The dataset contains the sample sizes, means, and standard deviations of one treatment and one control group. The total number of looks is three; stage-wise and cumulative data are included.

Stage 1 1 2 2 3 3
Group 1 2 1 2 1 2
Stage-wise sample size 84 87 79 82 81 84
Cumulative sample size 84 87 163 169 244 253
Stage-wise mean 107.284 95.448 110.150 105.487 113.769 101.753
Cumulative mean 107.284 95.448 108.673 100.319 110.365 100.795
Stage-wise standard deviation 63.292 62.723 62.854 62.437 53.813 53.328
Cumulative standard deviation 63.292 62.723 62.902 62.601 59.974 59.579

Note that the simple model outcome ~ group in this example results in an analysis result that rejects the null hypothesis already at stage 2 because covariate has an effect on the outcome.
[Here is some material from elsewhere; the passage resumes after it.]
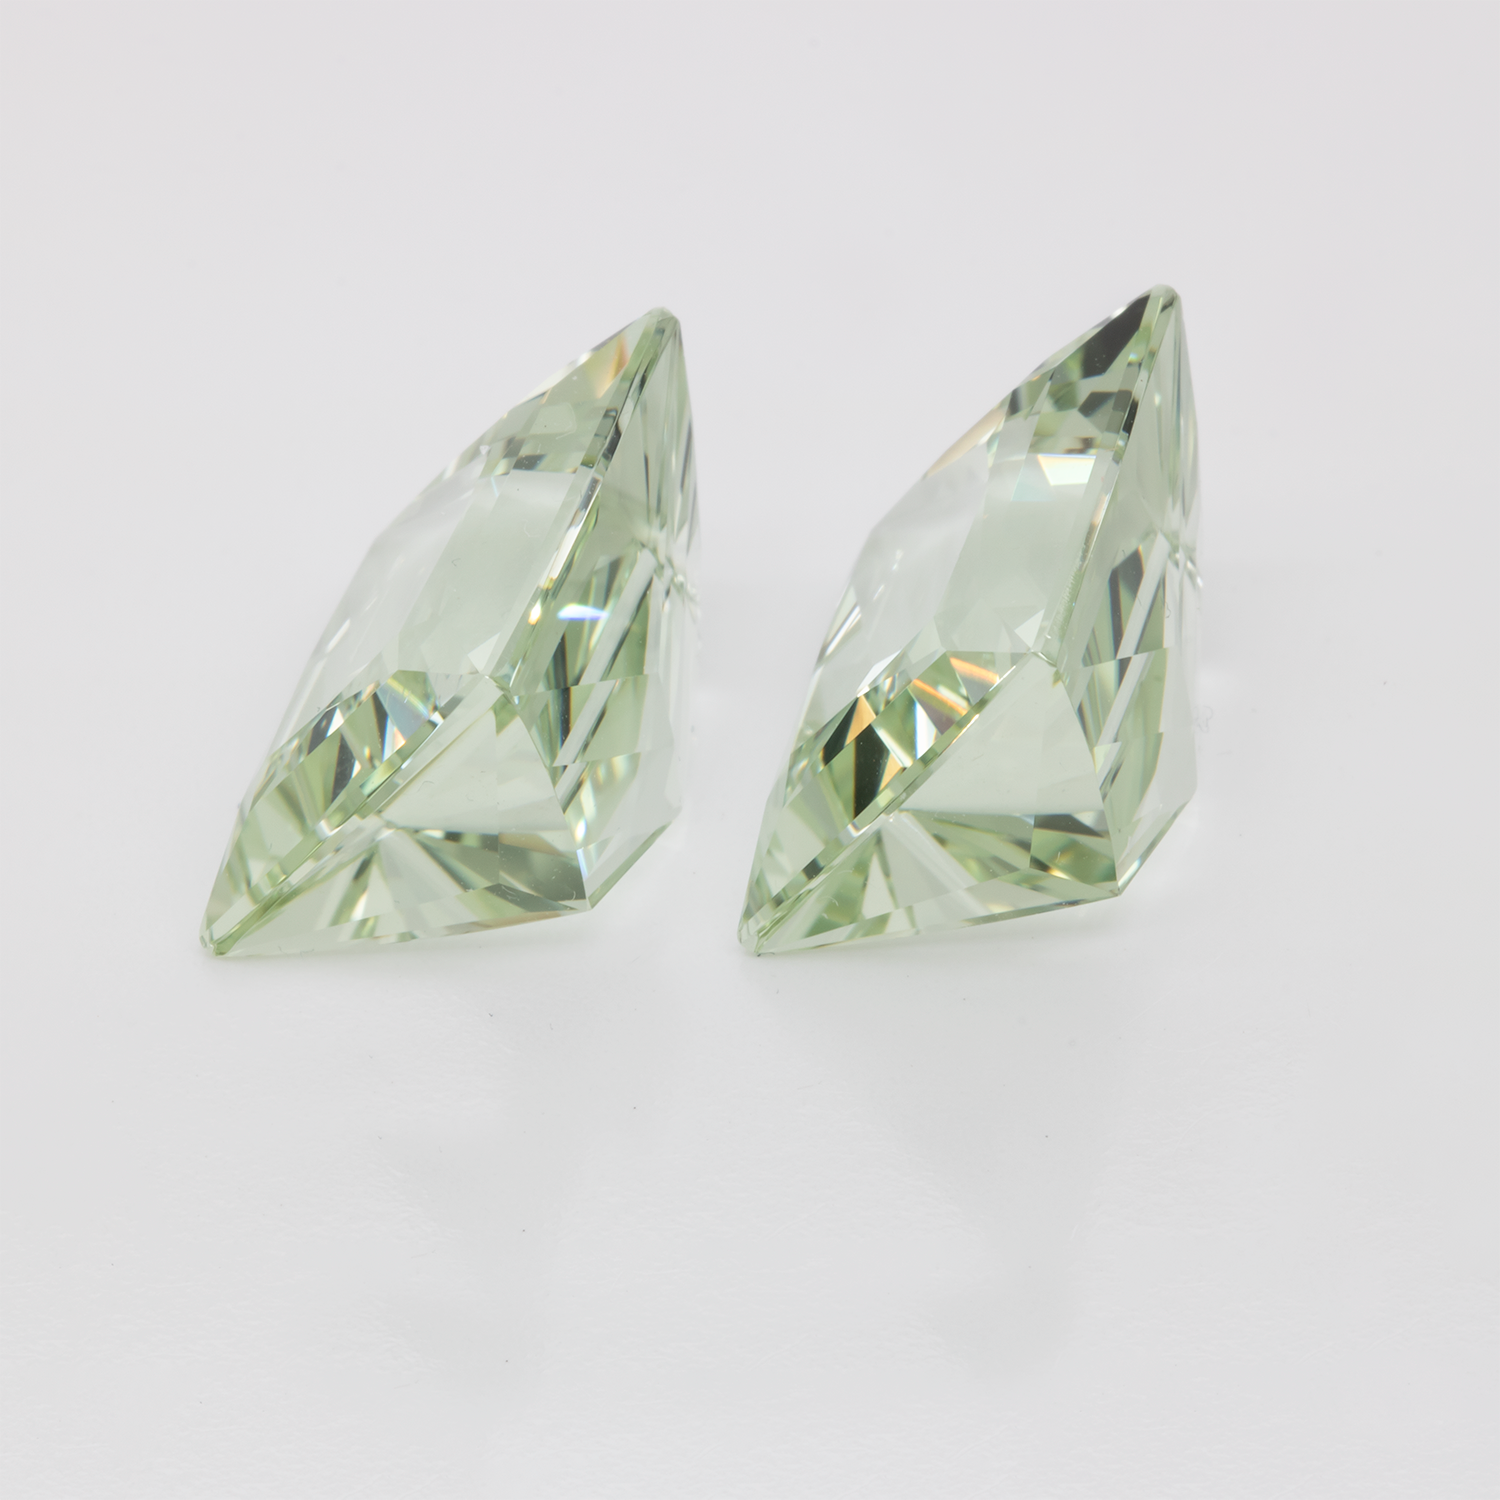 Beryl Pair - green, baguette, 15.5x12.5 mm, 25.1 cts, No. BY90040

getAnalysisResults(design = design, dataInput = dataset3a) |> 
    summary()

Analysis results for a continuous endpoint

Sequential analysis with 3 looks (group sequential design). The results were calculated using a two-sample t-test (one-sided, alpha = 0.025), equal variances option. H0: mu(1) - mu(2) = 0 against H1: mu(1) - mu(2) > 0.

Stage 1 2 3
Planned information rate 0.333 0.667 1
Efficacy boundary (z-value scale) 3.471 2.454 2.004
Cumulative alpha spent 0.0003 0.0072 0.0250
Stage level 0.0003 0.0071 0.0225
Cumulative effect size 19.221 15.830 13.516
Cumulative (pooled) standard deviation 48.078 47.174 44.716
Overall test statistic 2.614 3.057 3.369
Overall p-value 0.0049 0.0012 0.0004
Test action continue reject and stop reject
Conditional rejection probability 0.3238 0.7934
95% repeated confidence interval [-6.808; 45.251] [3.051 ; 28.609] [5.455 ; 21.577]
Repeated p-value 0.0798 0.0071 0.0004
Final p-value 0.0014
Final confidence interval [5.438; 25.824]
Median unbiased estimate 15.652

Conclusions

  • getDataset supports emmeans result objects since rpact version 3.1.1
  • Easy to use: just add one emmeans result object per stage as argument of getDataset
  • rpact will support all models that are supported by emmeans, e.g., complex longitudinal models with random intercept and random slope (not yet supported)
  • Multi-arm analysis is also supported (carefully define order of treatments and control!)